Снаружи Паша вдохнул полной грудью лесной воздух с запахом сырости. Жаль конечно, что близнецы не войдут в их банду. У него последние дни жутко чесался палец и это раздражало, прошлой ночью он не мог уснуть из-за этого и всерьез раздумывал над тем, чтобы выкопать свой мизинец и почесать его. Если бы взяли новичков, то они бы взяли это на себя… Паша вздохнул и прикрыл глаза. По сути ведь эти двое чужаки и чужаками помрут, а сестренку надо баловать.
– Она ведь надолго, может в картишки перекинемся пока? – Миша сидел за уличным столом и тасовал потрепанную колоду карт.
– А давай – Паша опустился на стул напротив.
***.
В маленькой каморке оказались грязный матрас, жестяное ведро и лежащая рядом с ним книга. Дима безуспешно толкнул дверь. Даша взяла книгу и прищурилась, сумев разобрать название «изумрудная книга сказок». Большая часть страниц вырвана, так что стало ясно, что книга тут в комплект к ведру. Дима сумел разобрать надписи на стенах, некоторые выцарапанные, другие написанные чем-то темным.
«Он сердится. Подарки не нравятся, а все равно приходиться платить».
«Руслан Вяточкин был тут. Расскажите моим родителям».
«Зарыли пальцы под порогом.
И лось к ним не найдет дорогу».
— Мы серьезно влипли — тихо сказал Дима. Даша кивнула. Раздались приглушенные голоса и Даша с Димой прильнули к двери, прислушиваясь к разговору. Старуха очевидно злилась, а мальчишеский голос звучал спокойно. Когда голоса затихли, Дима с Дашей переглянулись. Надо выбираться и быстро.
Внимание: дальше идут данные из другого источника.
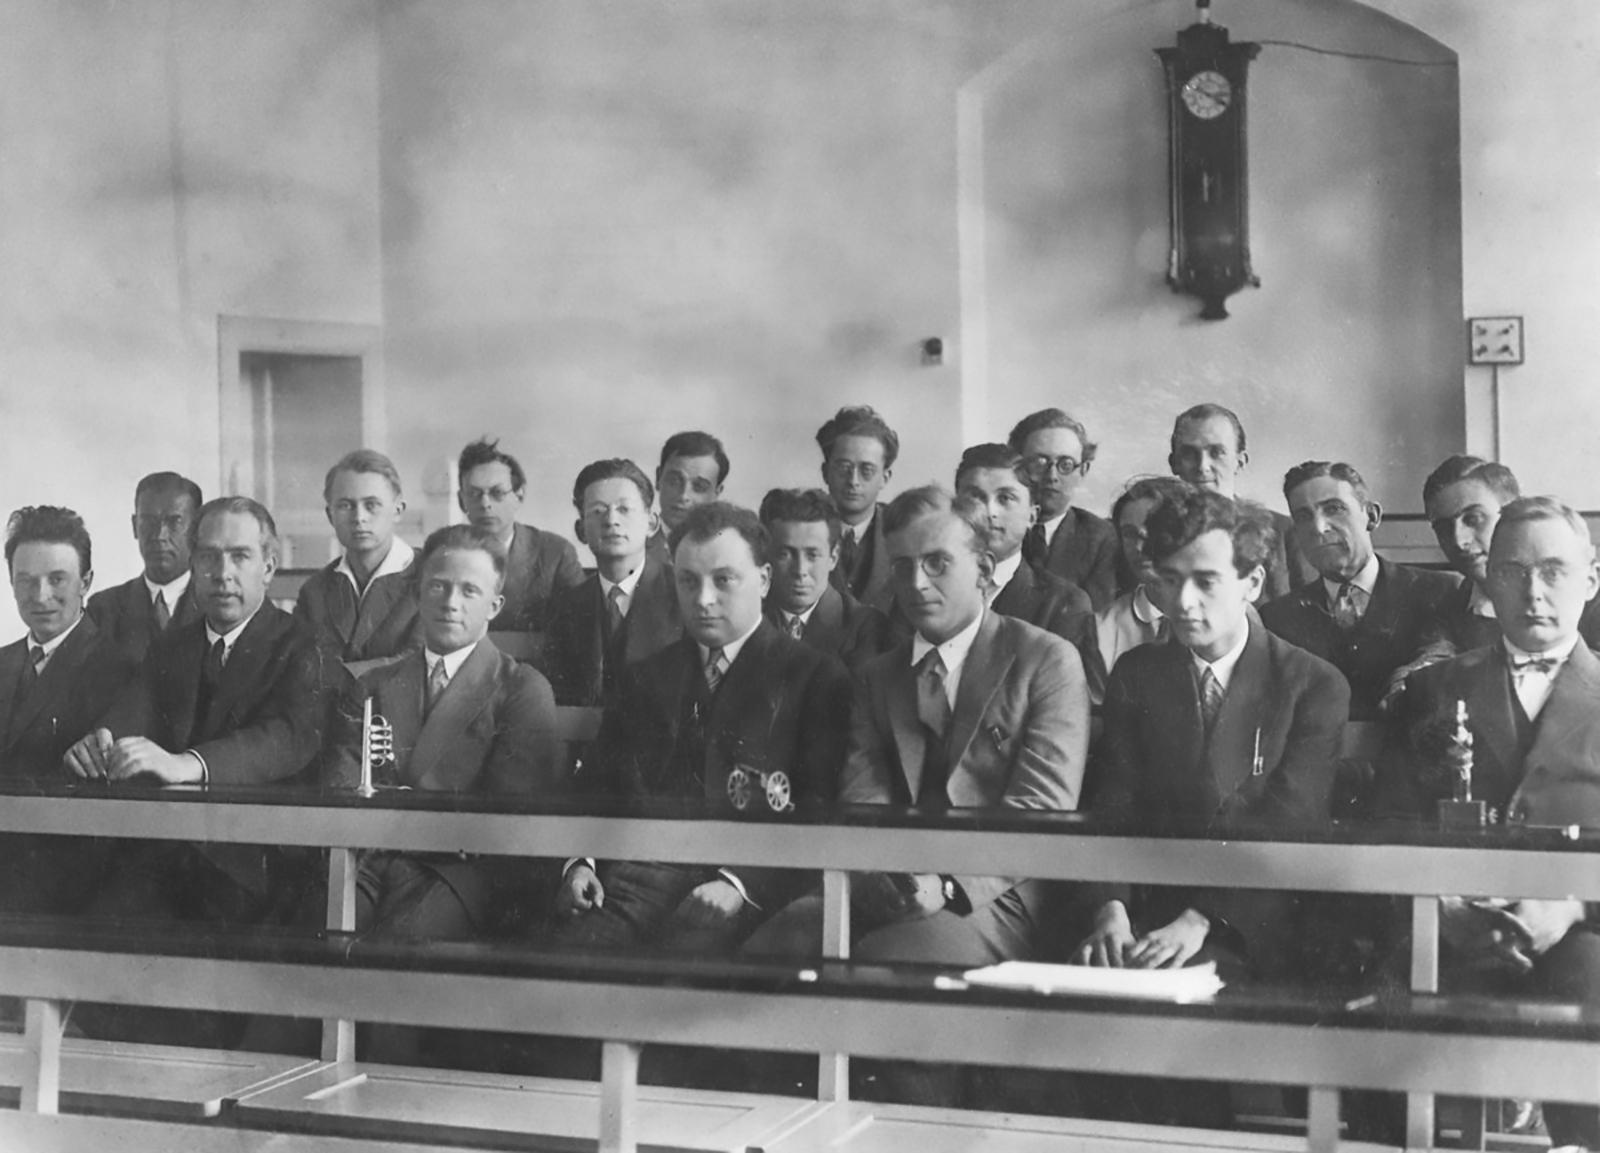 Conferenza di Copenaghen 1930. In prima fila da sinistra verso destra: Christian Klein, Niels Bohr, Werner Heisenberg, Wolfgang Pauli, George Gamow, Lev Landau, Hans Kramers.
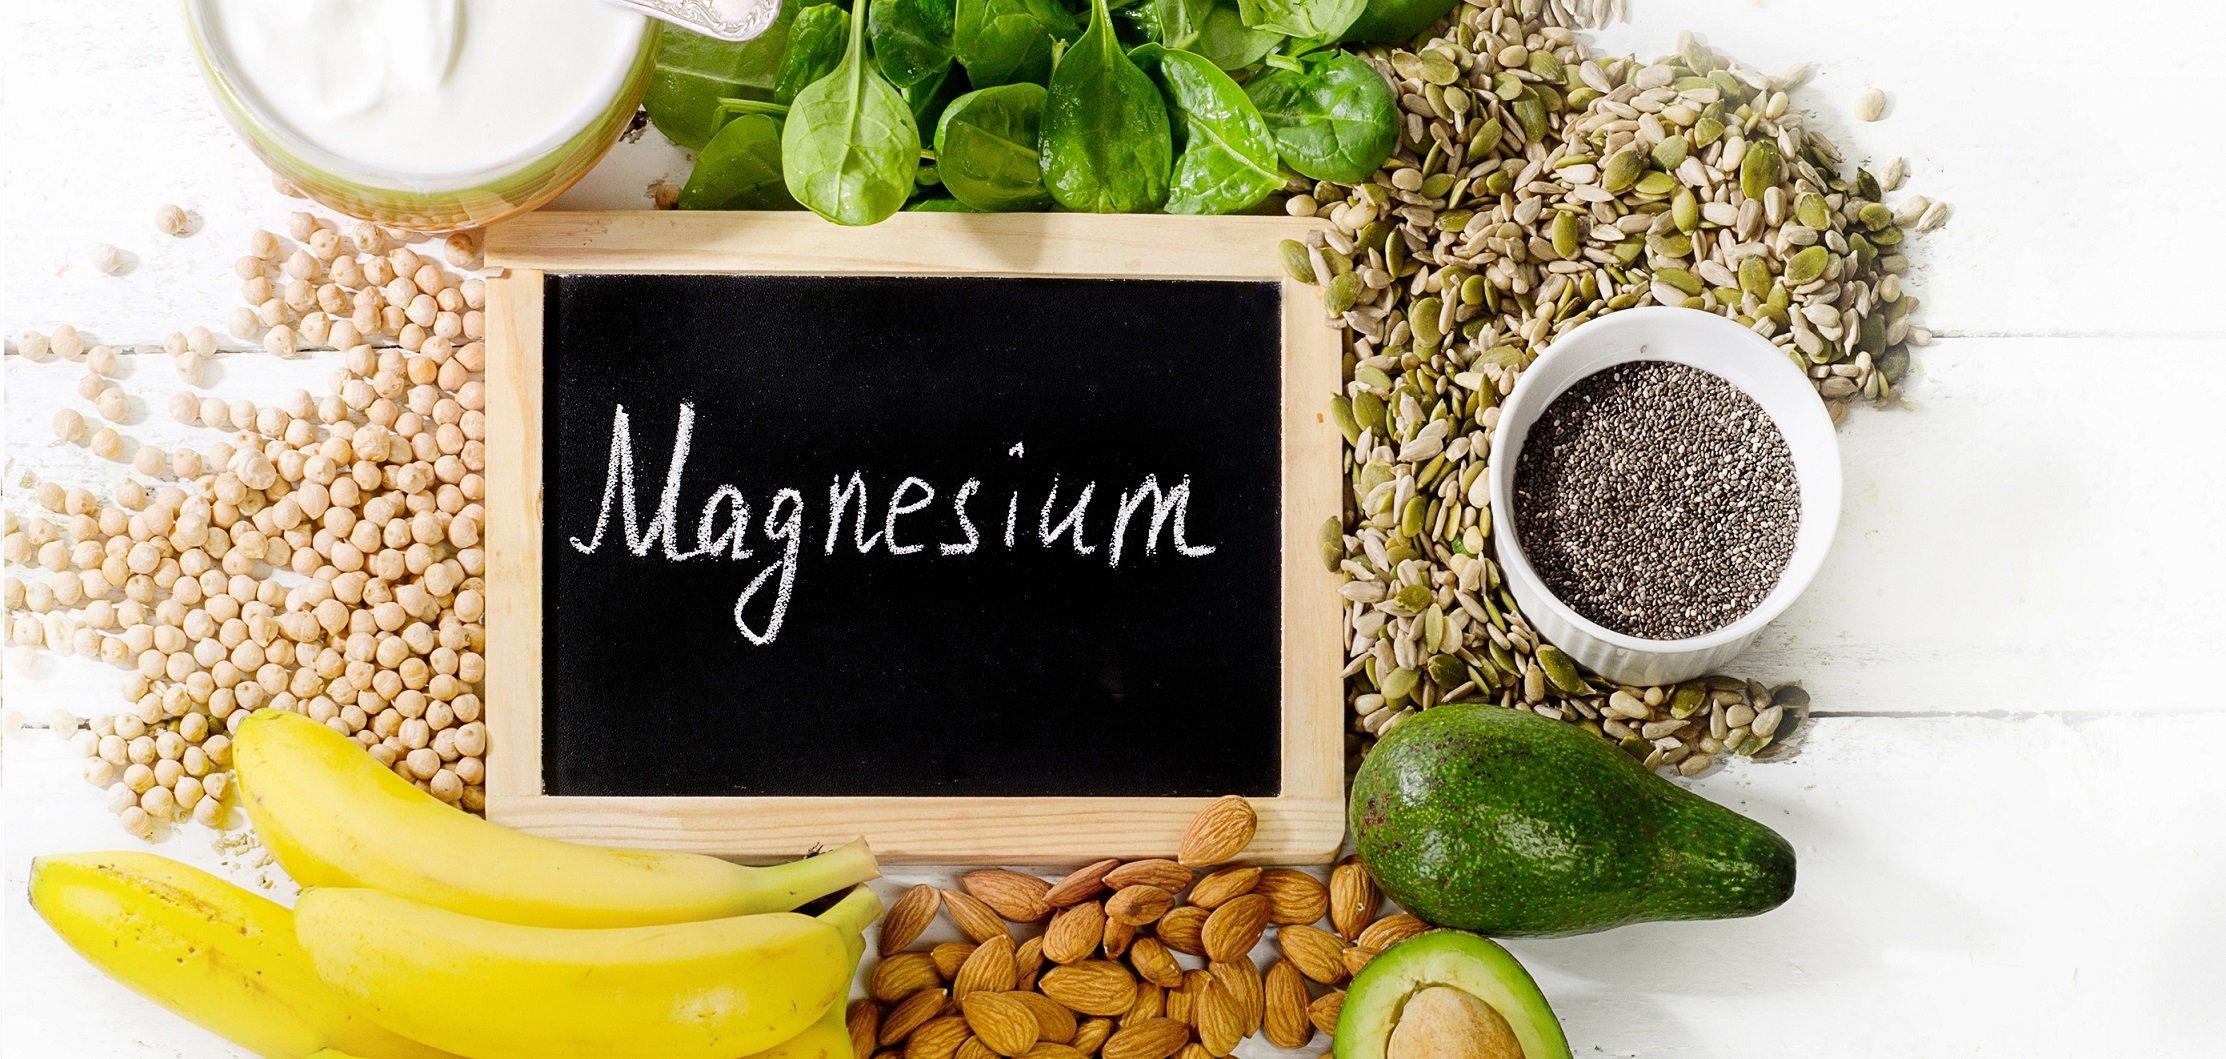 magnesium-3.jpg

Свет в каморку проникал только из зазора между дверью и полом и щелями в ее досках. Дима ощупал ее: – Дверь вроде хлипкая, попробуем выбить? – Они сбегутся на шум, оставим это на крайний случай. Видишь, в скважину не проходит свет? – Даша присела и заглянула в замочную скважину – она оставила там ключ. Книгу со сказками Даша все еще держала в руках. Она осторожно вырвала лист и замерла, прислушиваясь. Все спокойно. Даша вырвала еще два, также замирая и прислушиваясь. – Засунем листы под дверь и вытолкнем ключ. Повезло, что они такие большие – пояснила Даша просовывая листы под дверь. Дима присел и тоже заглянул в скважину: – Пальцами туда не залезть.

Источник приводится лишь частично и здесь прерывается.